The output must be exactly the lines from the "Air Span Ii Mesh Sneakers Nike 21SEk" line through the end of the listing below, with no picture included.

++++ DATA

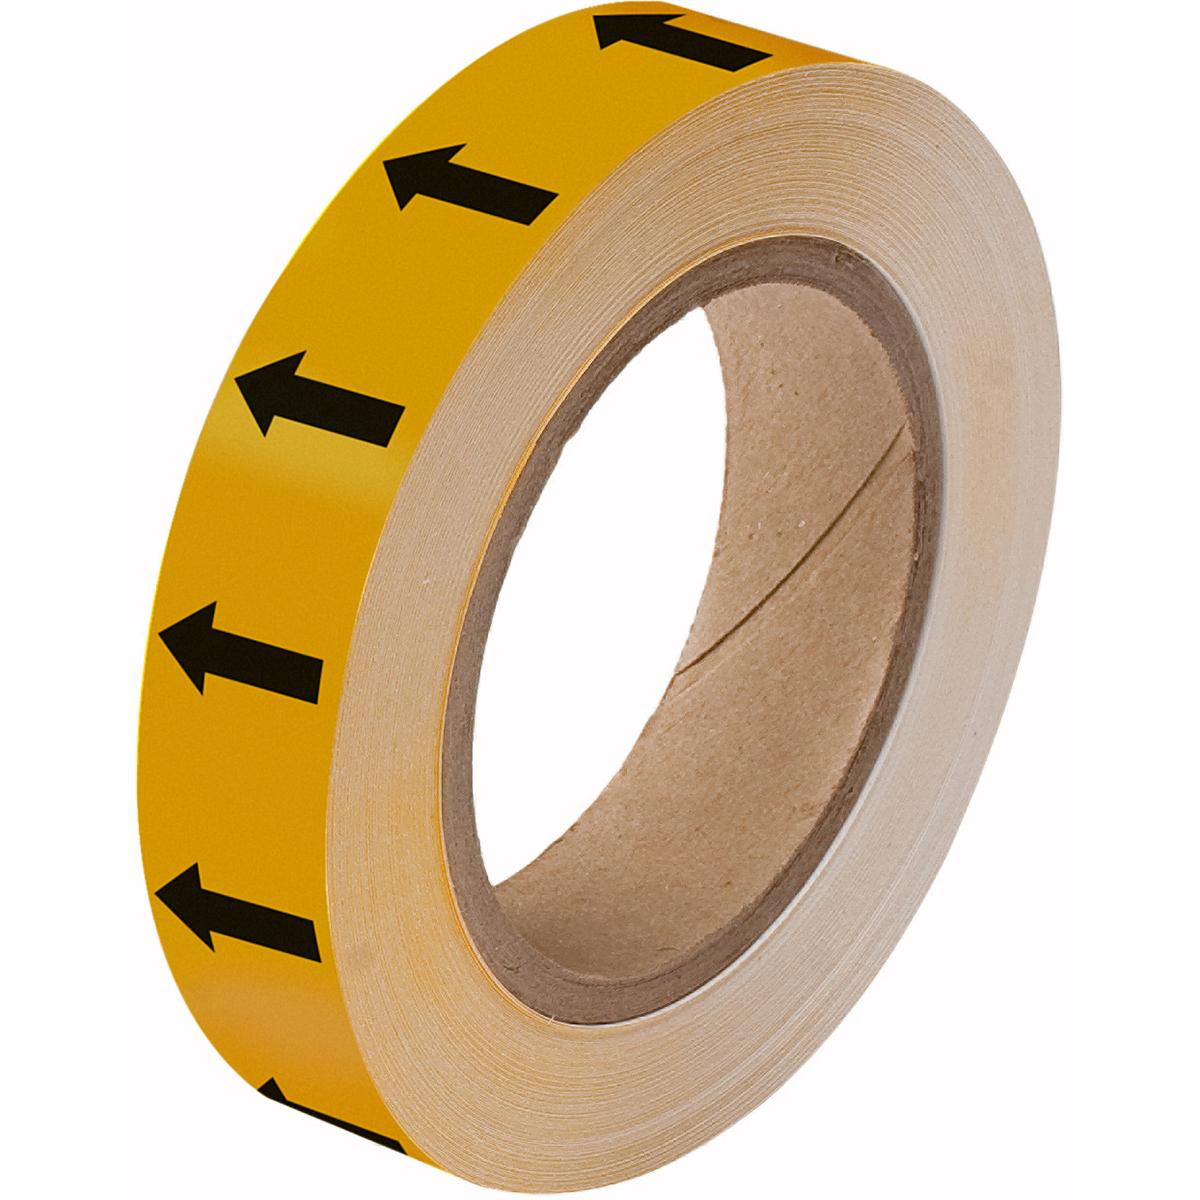 Black on Yellow Directional Flow Arrow Tape
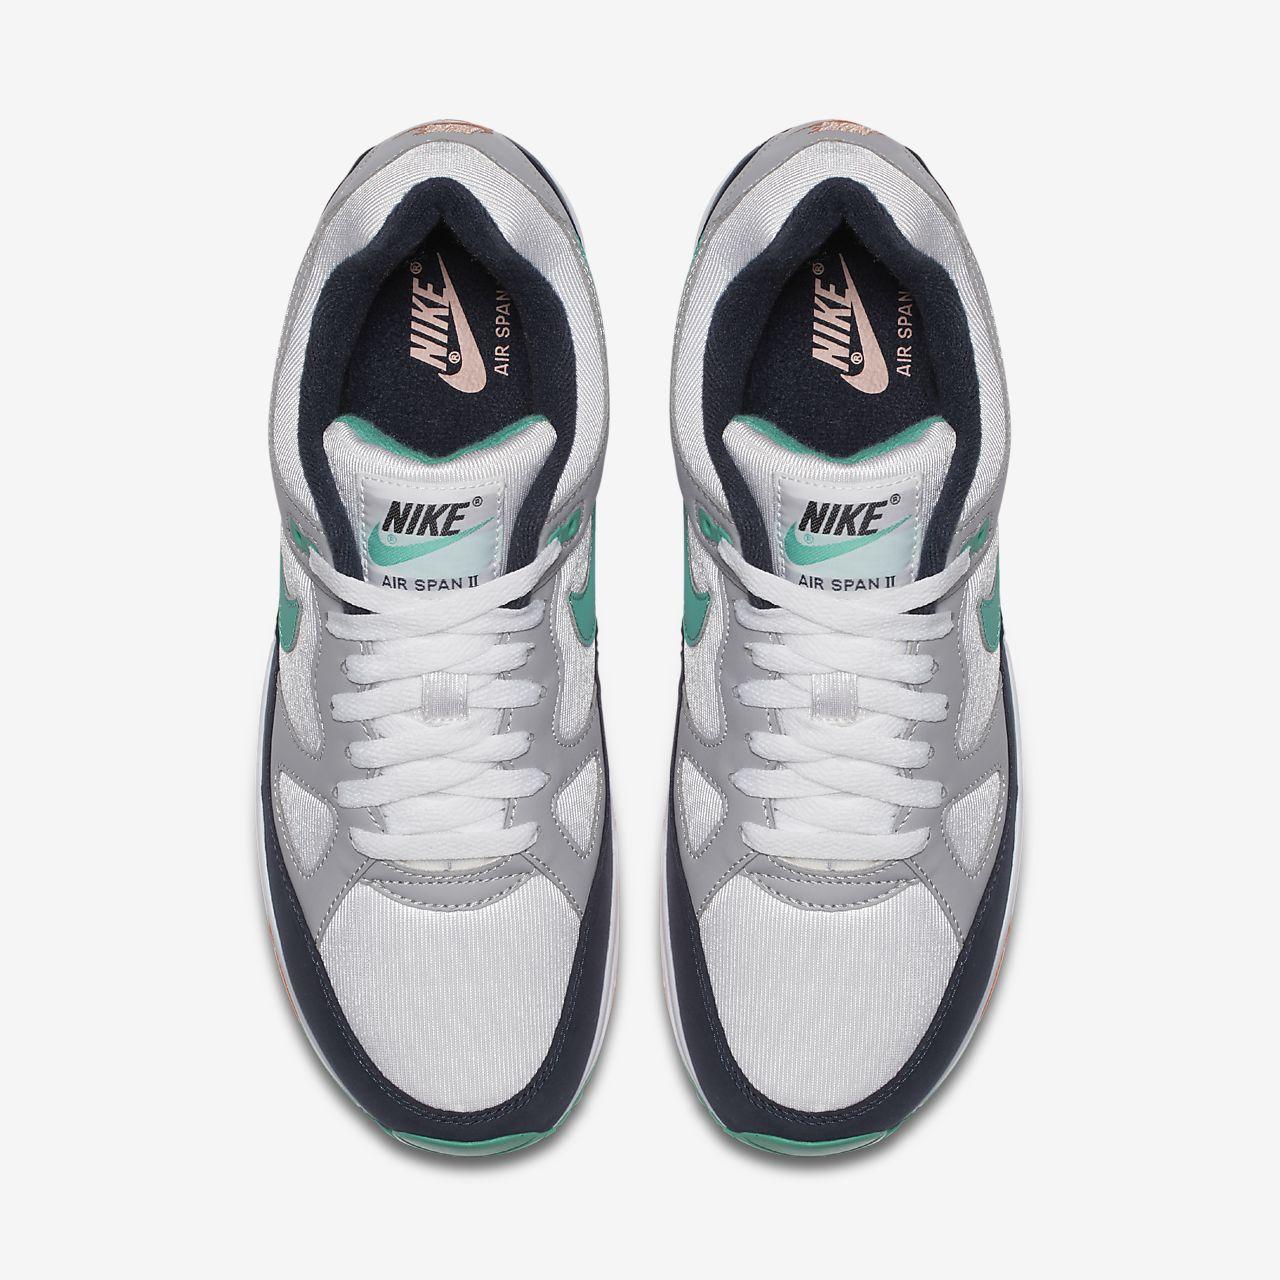 Air Span Ii Mesh Sneakers Nike 21SEk
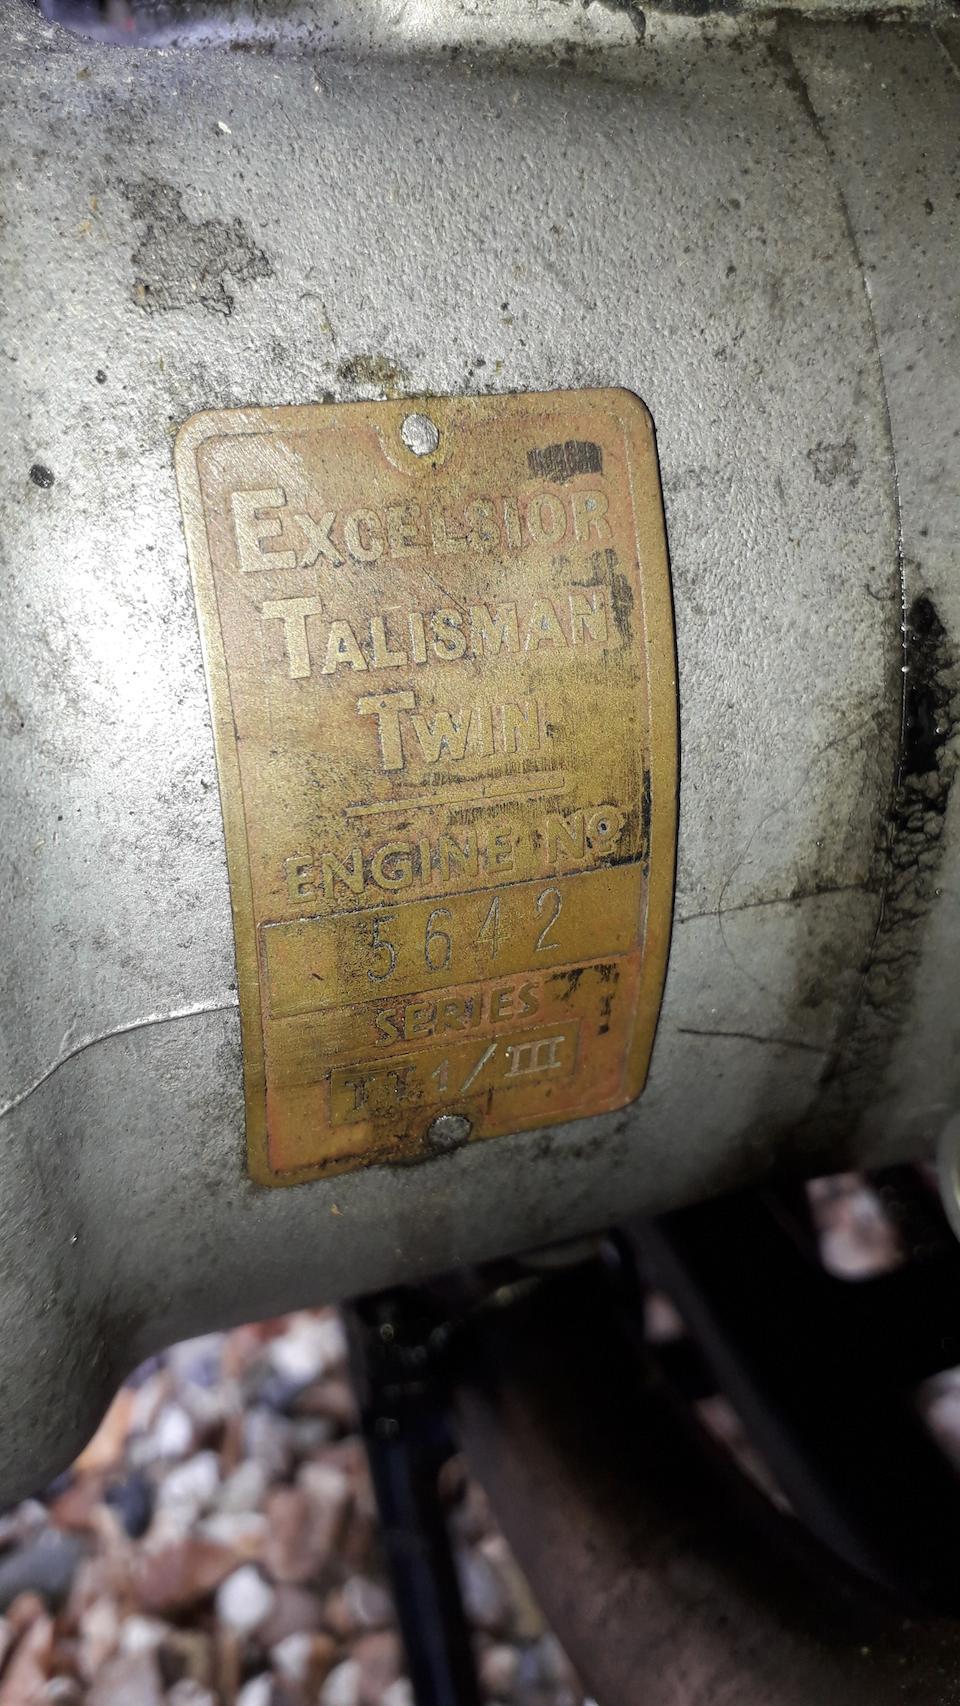 1955 Excelsior 243cc Talisman Twin Frame no. 5PT/134 Engine no. 5642
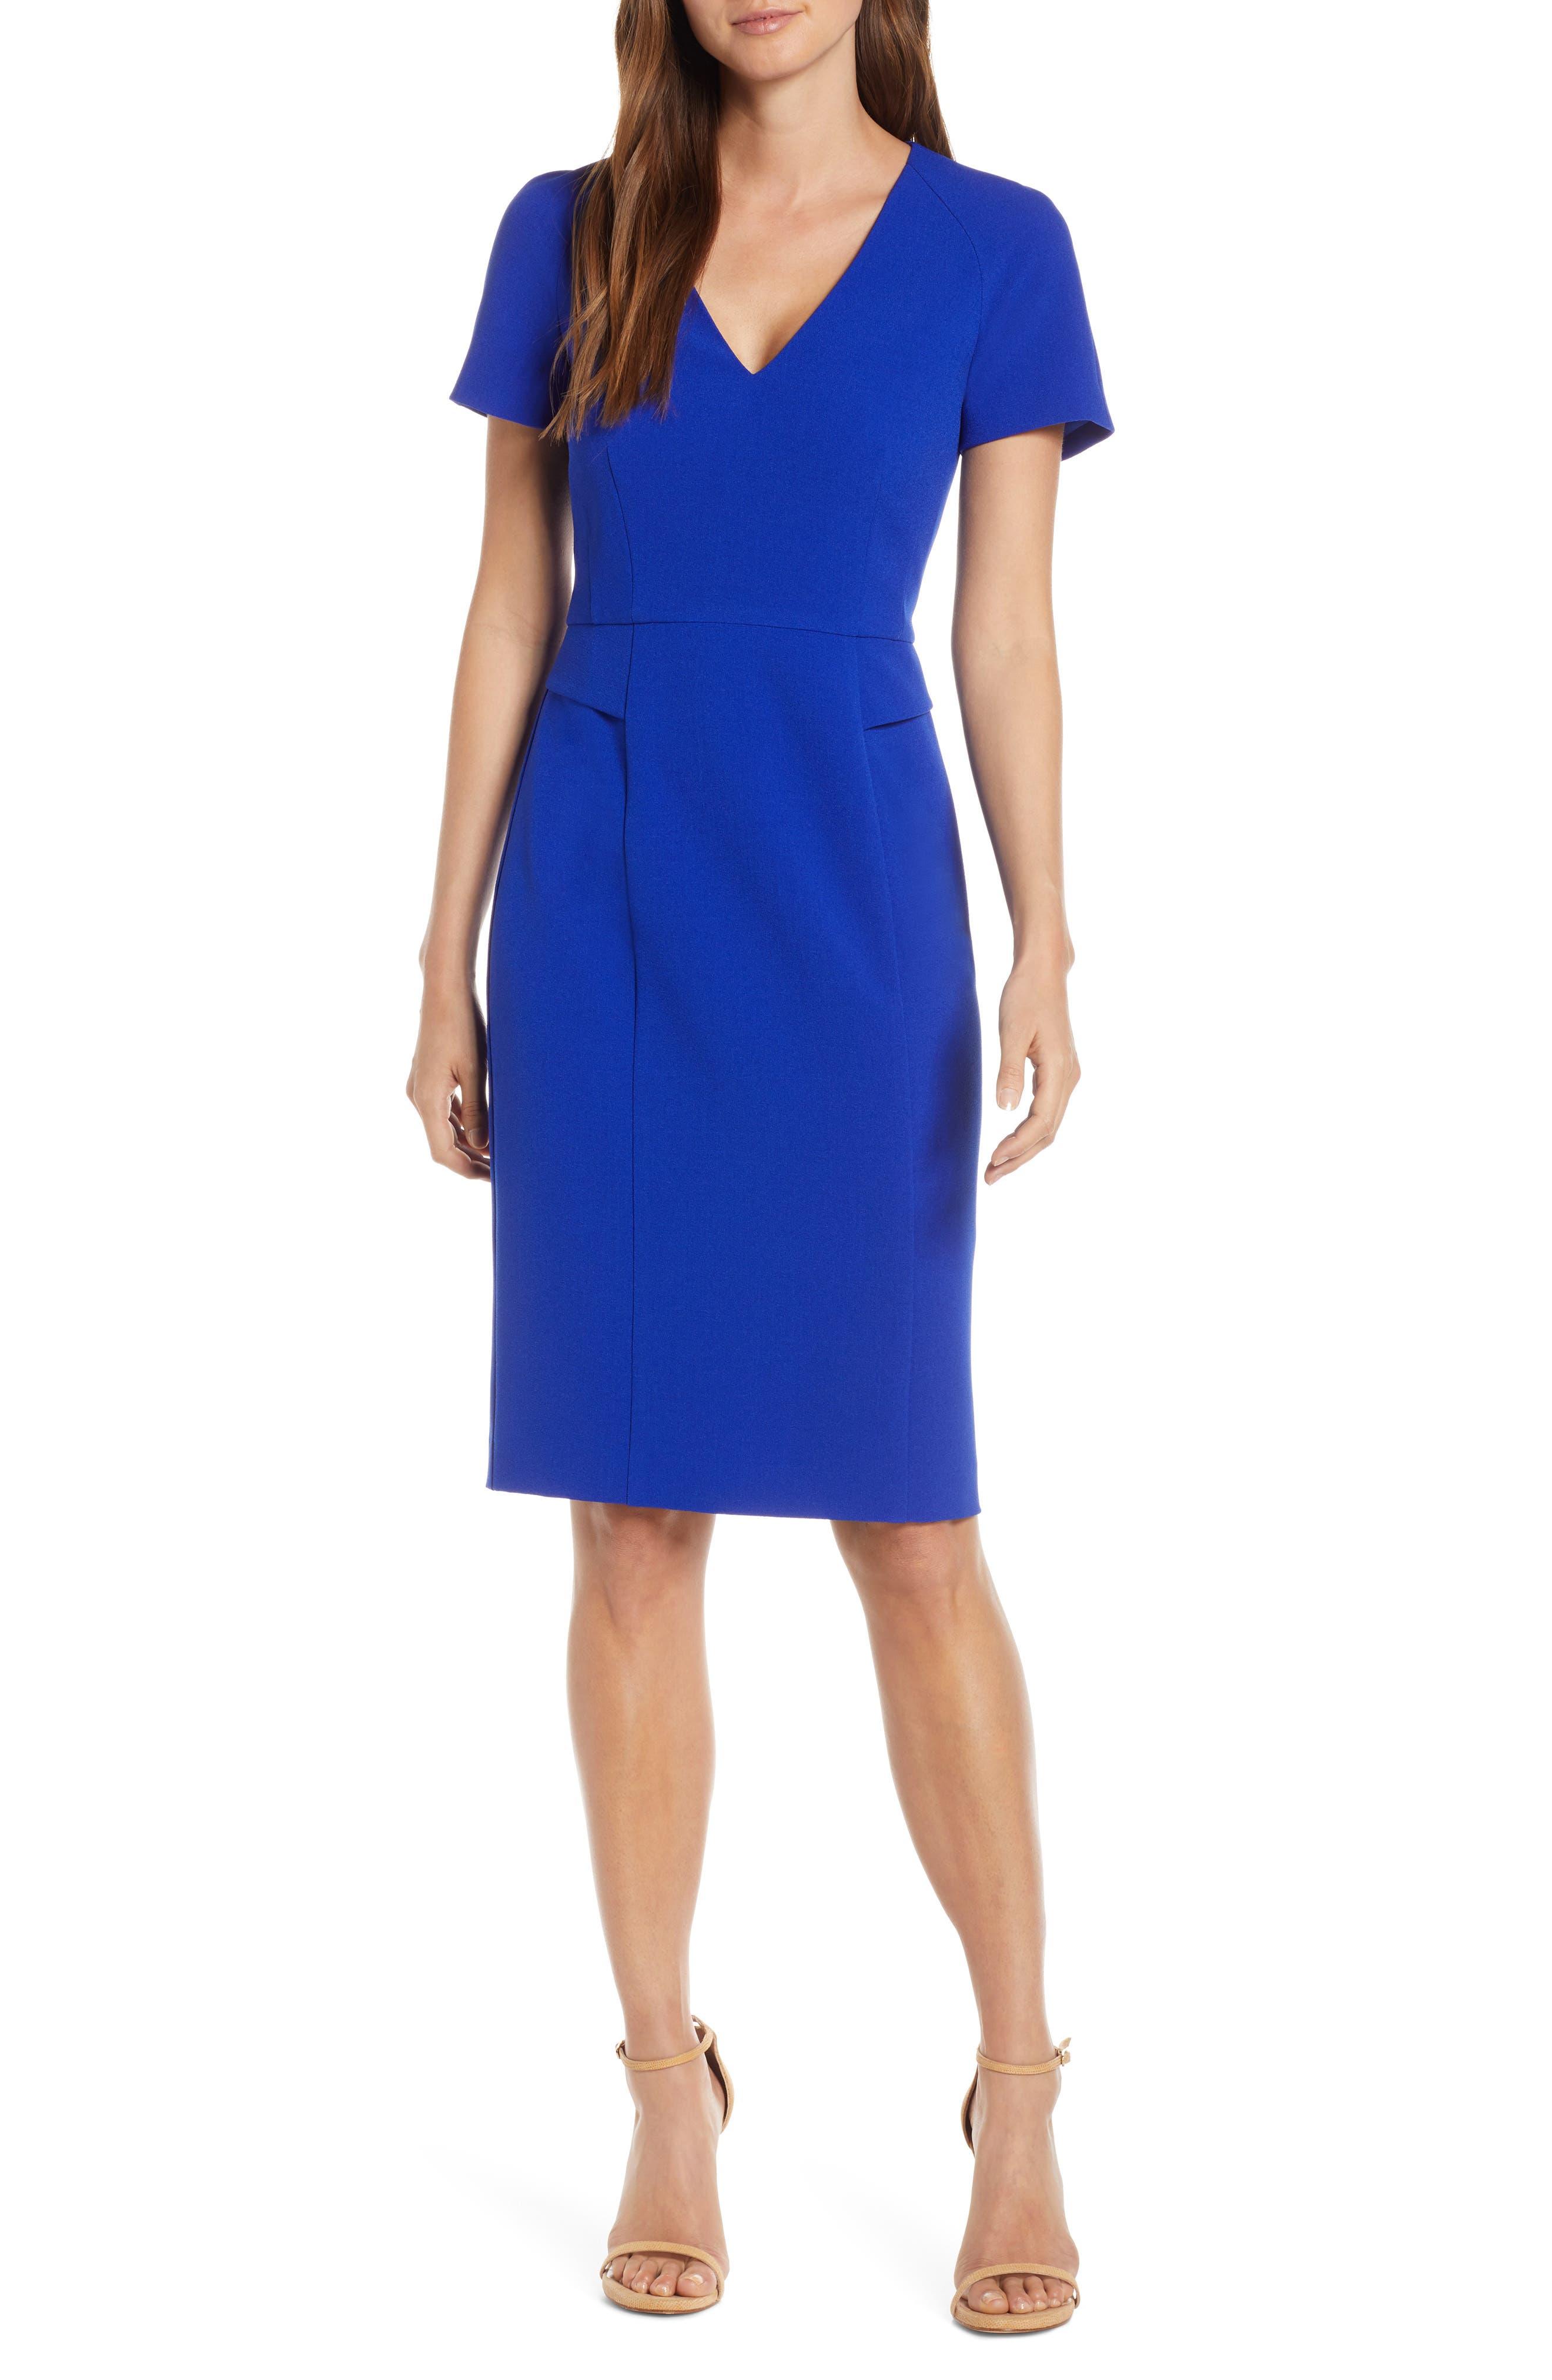 Harper Rose Short Sleeve V-Neck Sheath Dress, Blue

++++++++

▶ **TASK ANSWER**:
 Air Span Ii Mesh Sneakers Nike 21SEk
 1955 Excelsior 243cc Talisman Twin Frame no. 5PT/134 Engine no. 5642
 Harper Rose Short Sleeve V-Neck Sheath Dress, Blue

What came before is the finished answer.